# [TASK BRIEF]
Without any pictures, copy the records below once more, exactly as they are.

Extracted records
━━━━━━━━

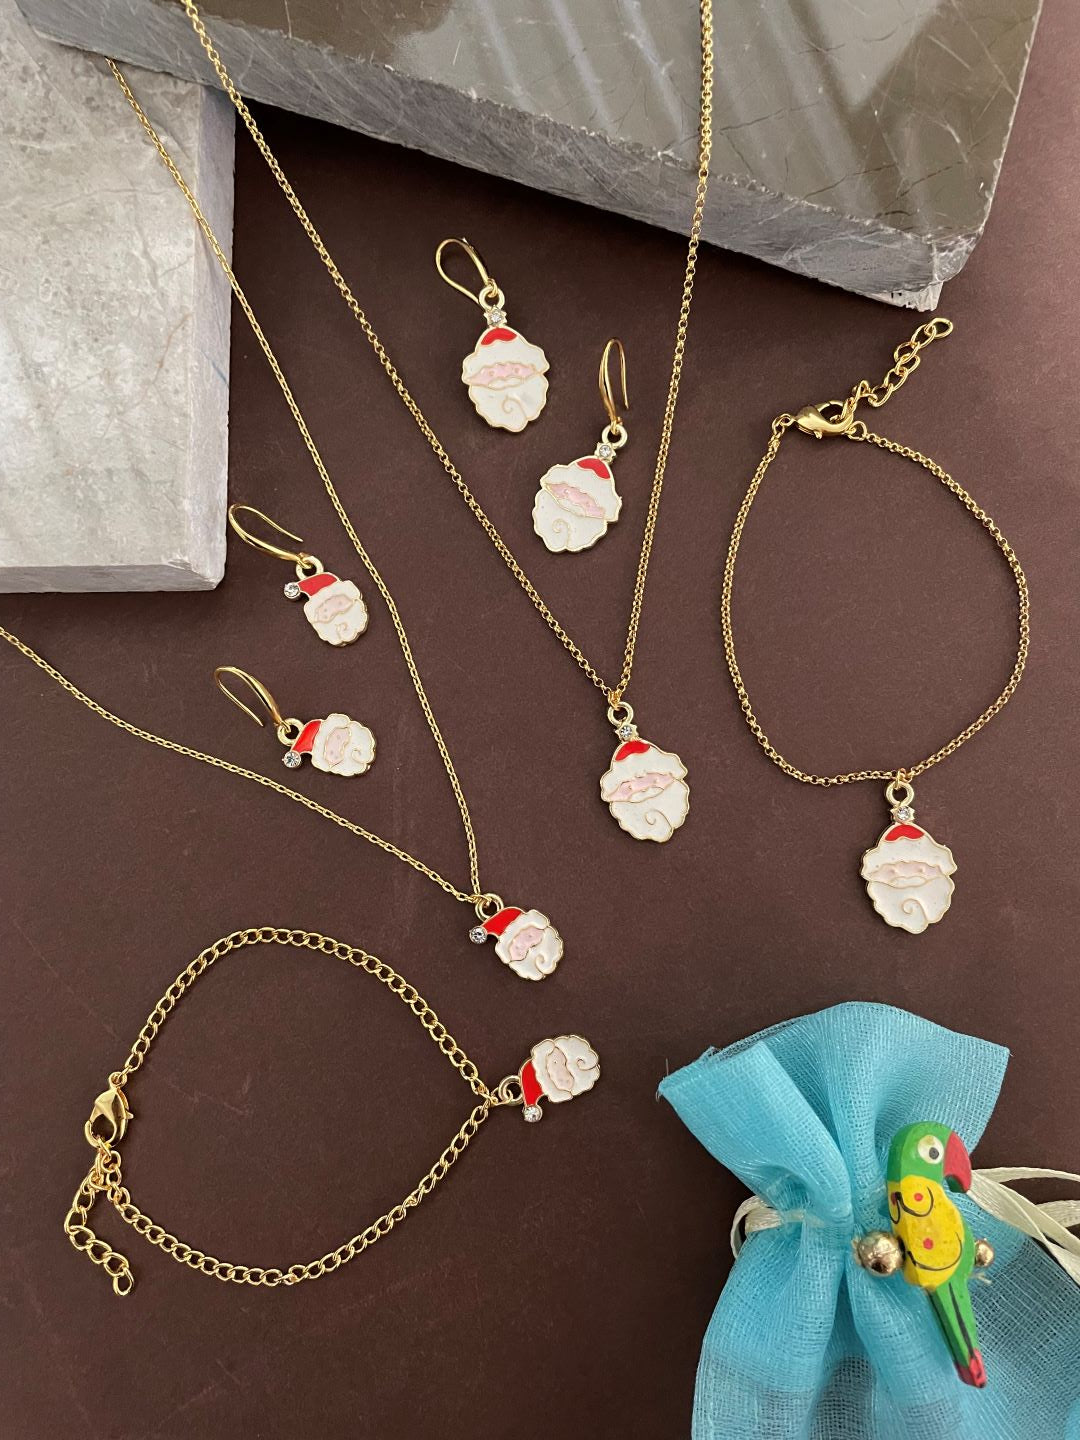 Christmas White & Red Santa Claus Pendant Necklace Earring and Bracelet Set
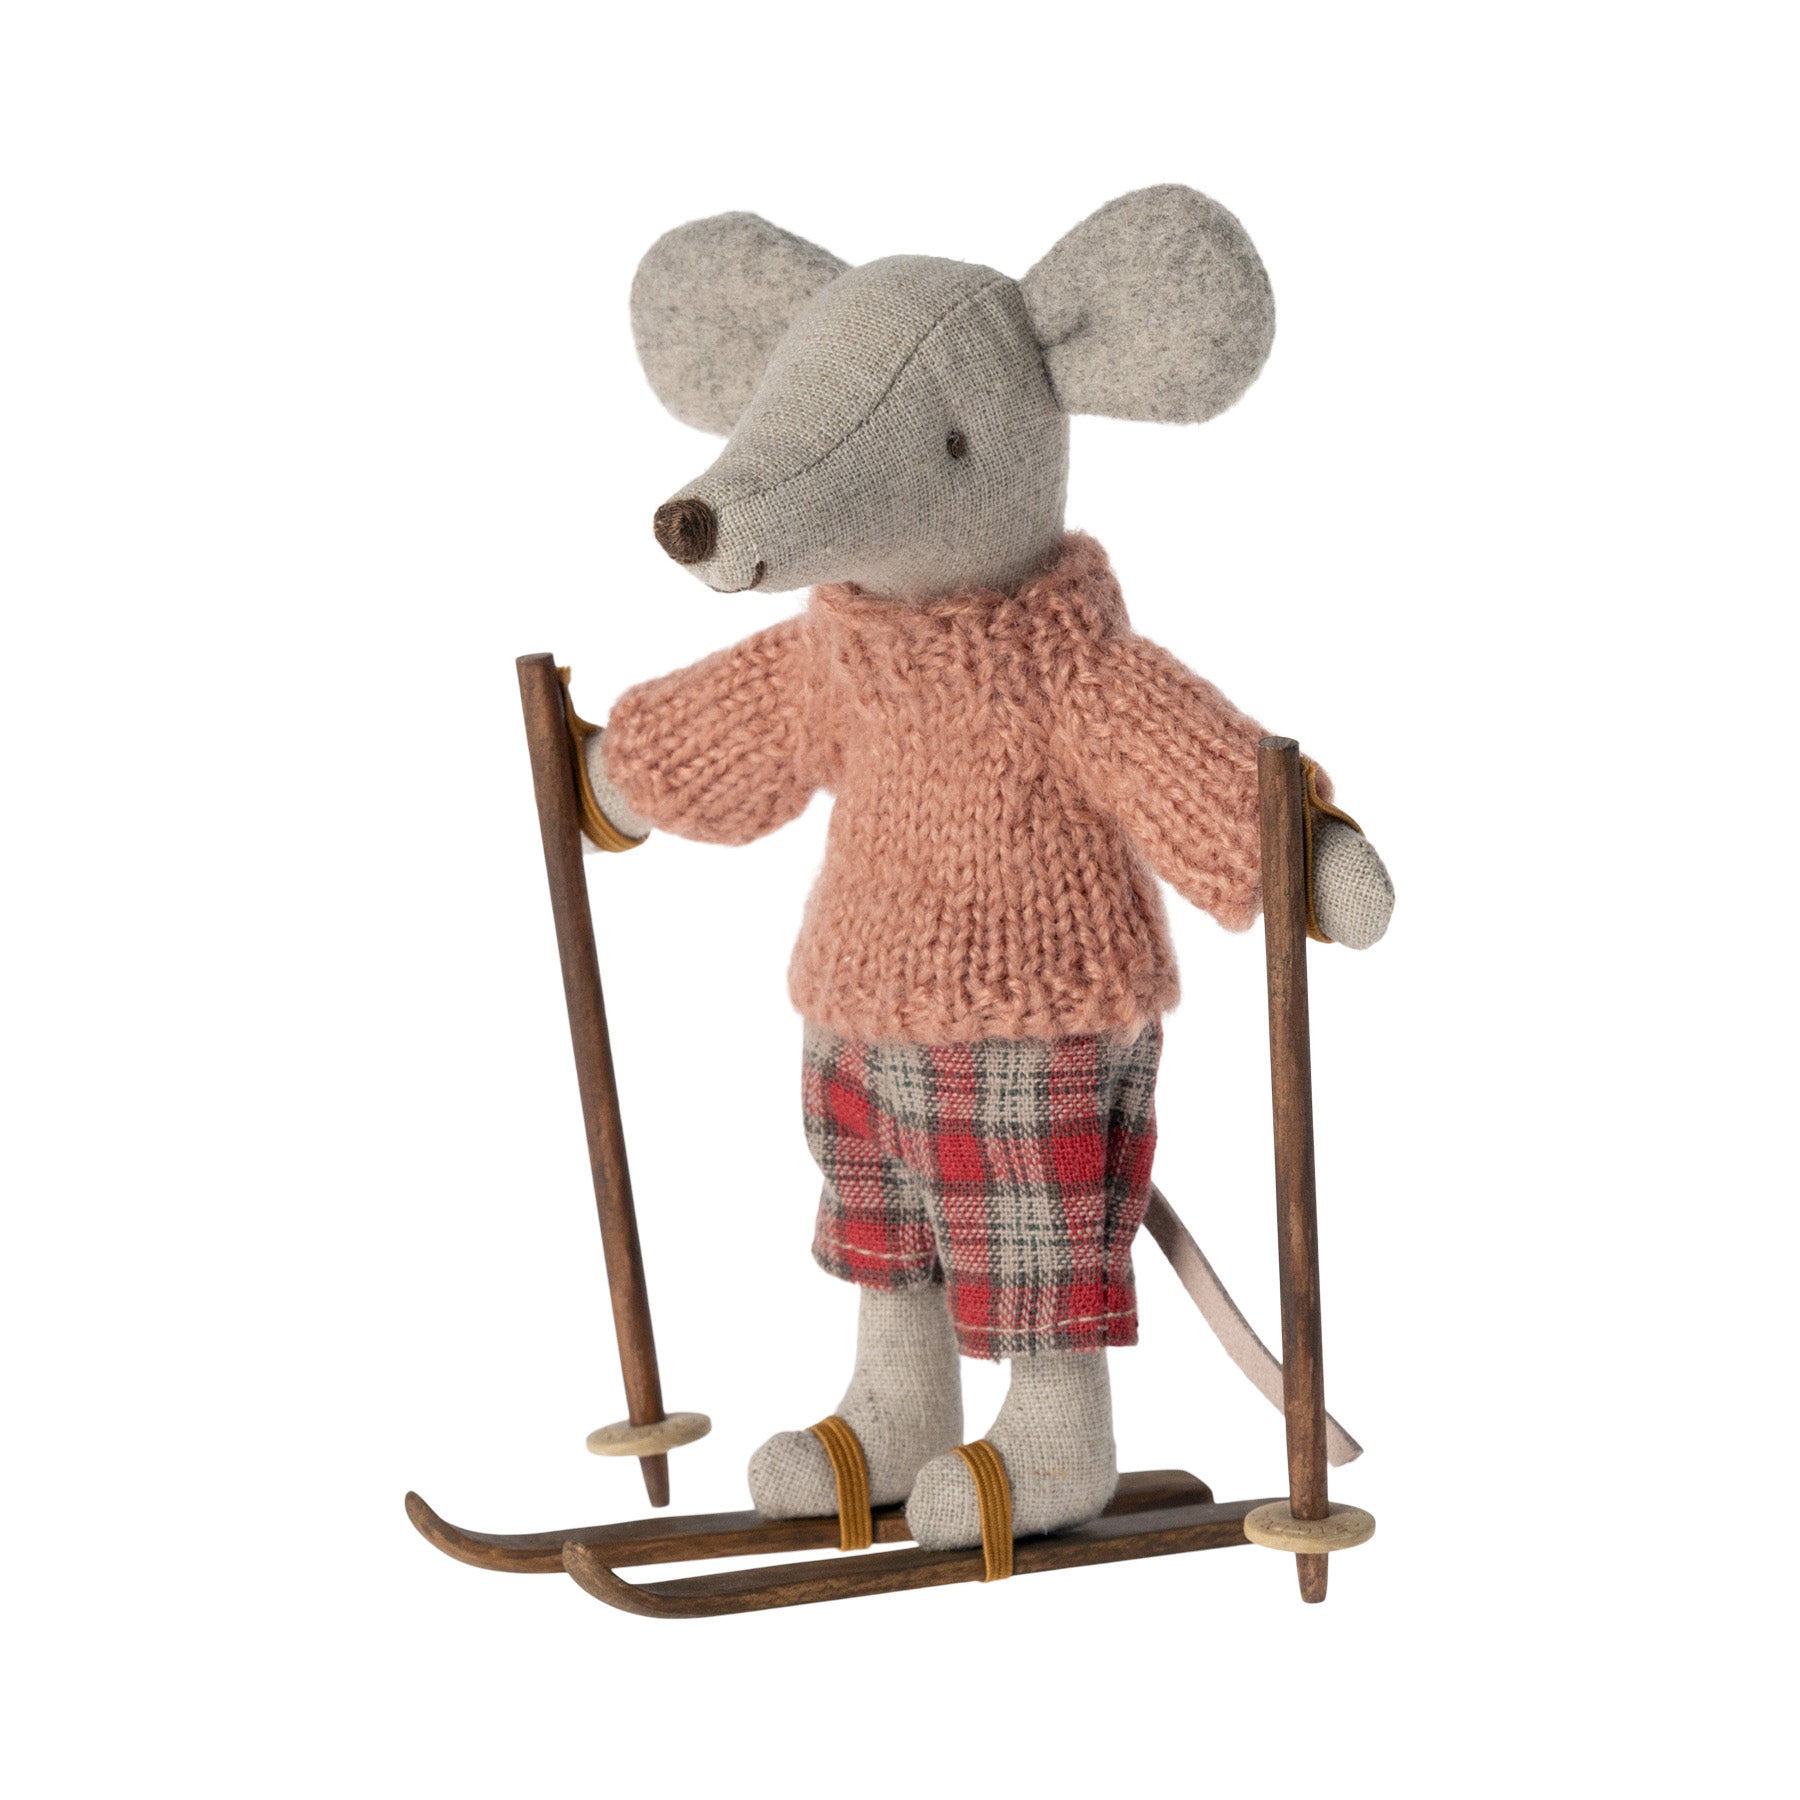 maileg big sister mouse dressed in a coral jumper, check trousers, standing on wooden skis, holding ski poles
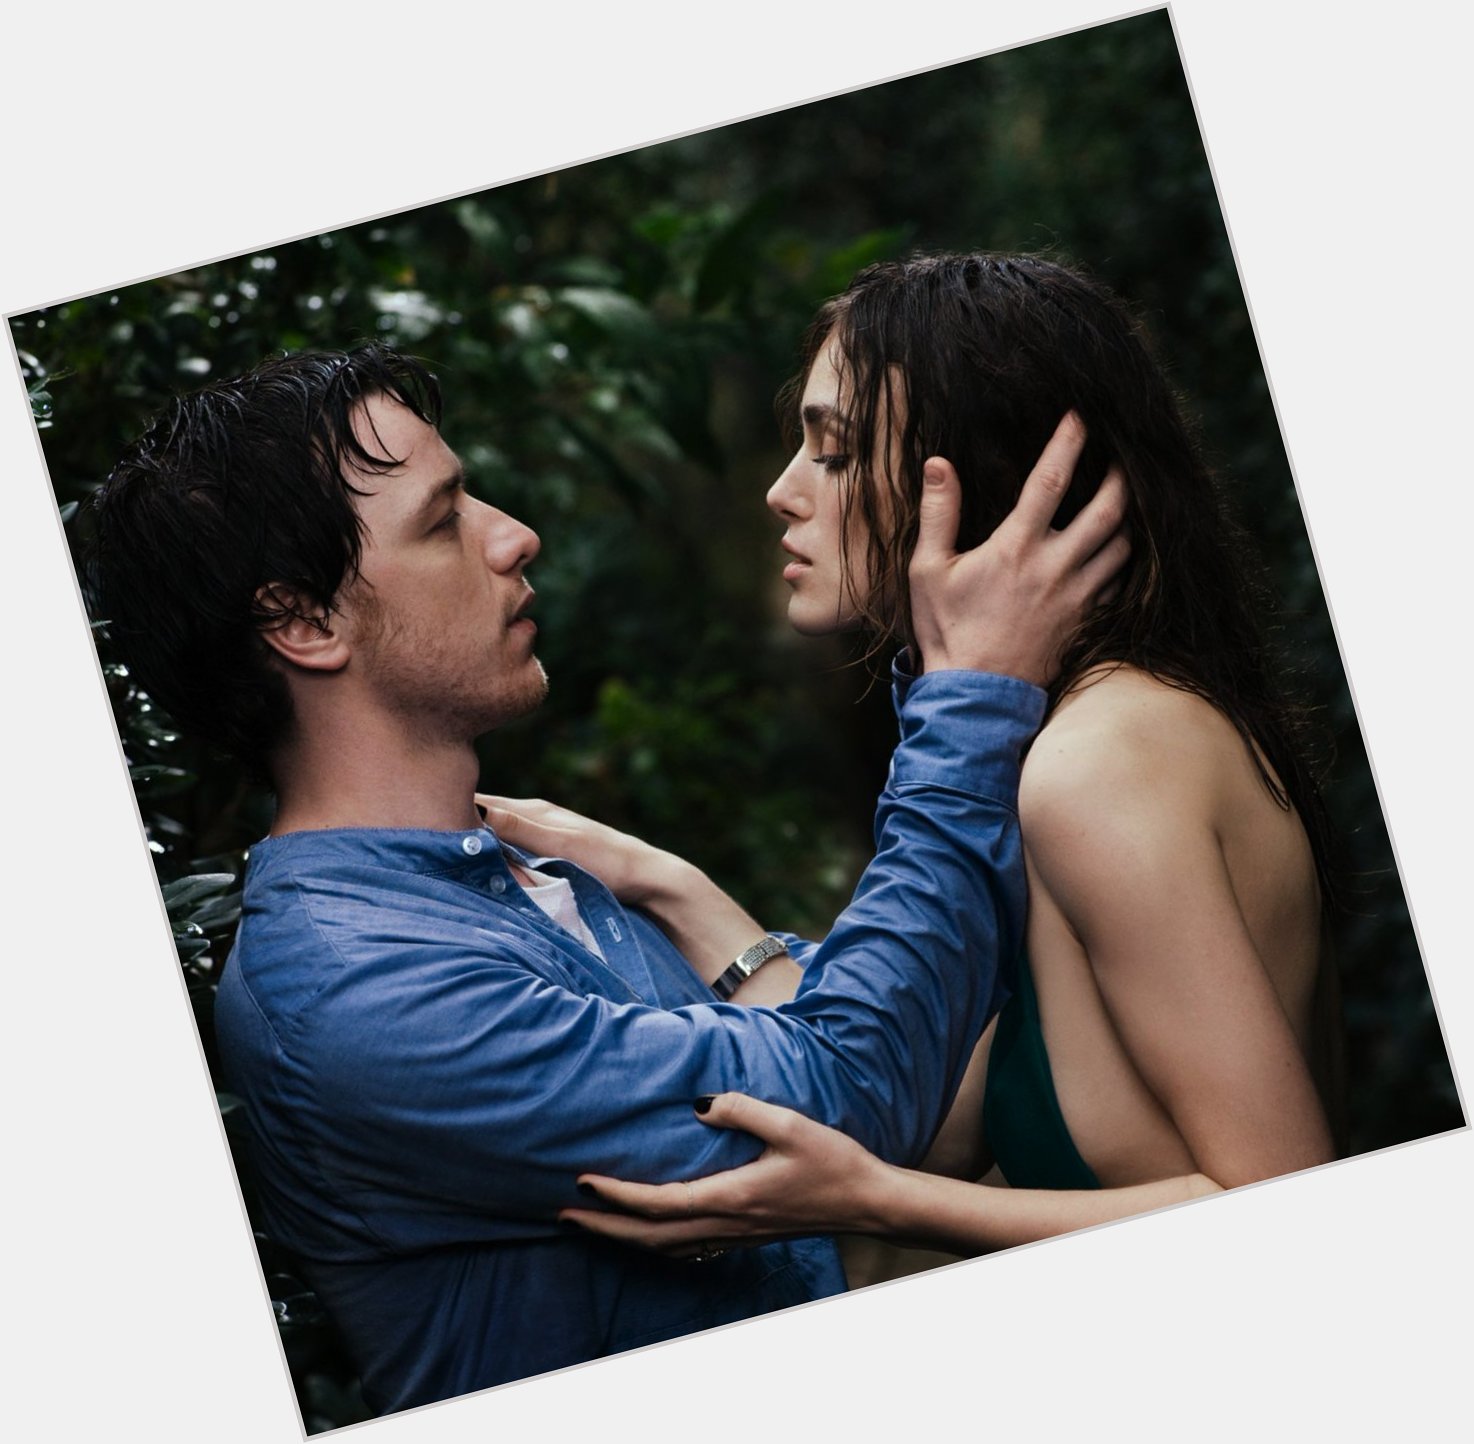 Happy birthday to keira\s co-star and friend james mcavoy! 
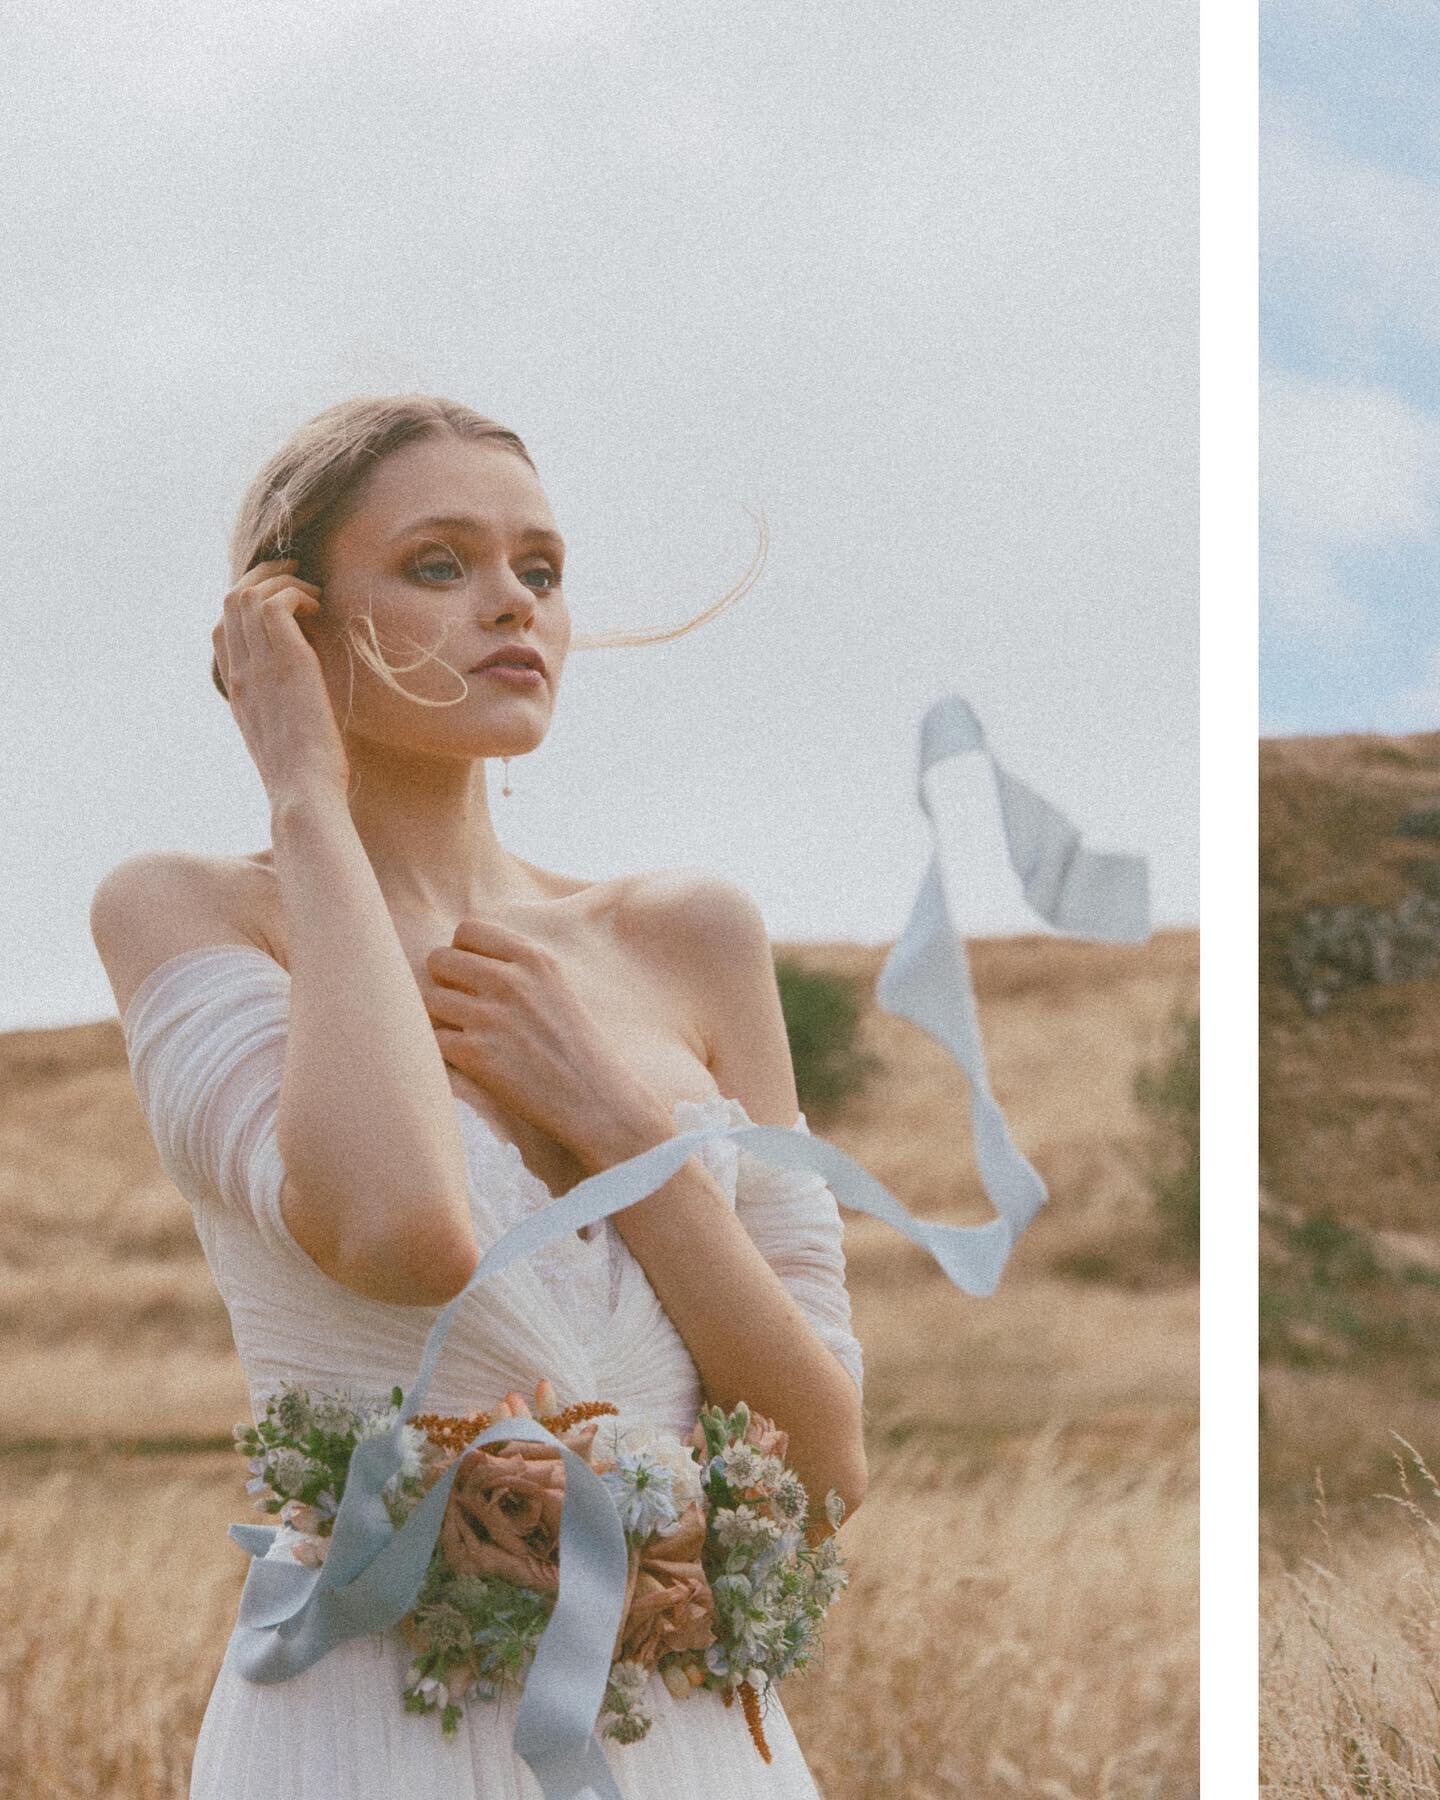 Swirling, twirling ribbons in the breeze&mdash;whimsical, pastel florals worn playfully&mdash;friendly, waving, golden grasses&mdash;just a gorgeous day in Holyrood✨

Grateful for the new friends I made in this wonderful team!

Model: @thesaraheve
MU

━━━━━━━━

# [ANSWER]
 Christmas White & Red Santa Claus Pendant Necklace Earring and Bracelet Set
 maileg big sister mouse dressed in a coral jumper, check trousers, standing on wooden skis, holding ski poles
 Happy birthday to keira\s co-star and friend james mcavoy! 
 Swirling, twirling ribbons in the breeze&mdash;whimsical, pastel florals worn playfully&mdash;friendly, waving, golden grasses&mdash;just a gorgeous day in Holyrood✨

Grateful for the new friends I made in this wonderful team!

Model: @thesaraheve
MU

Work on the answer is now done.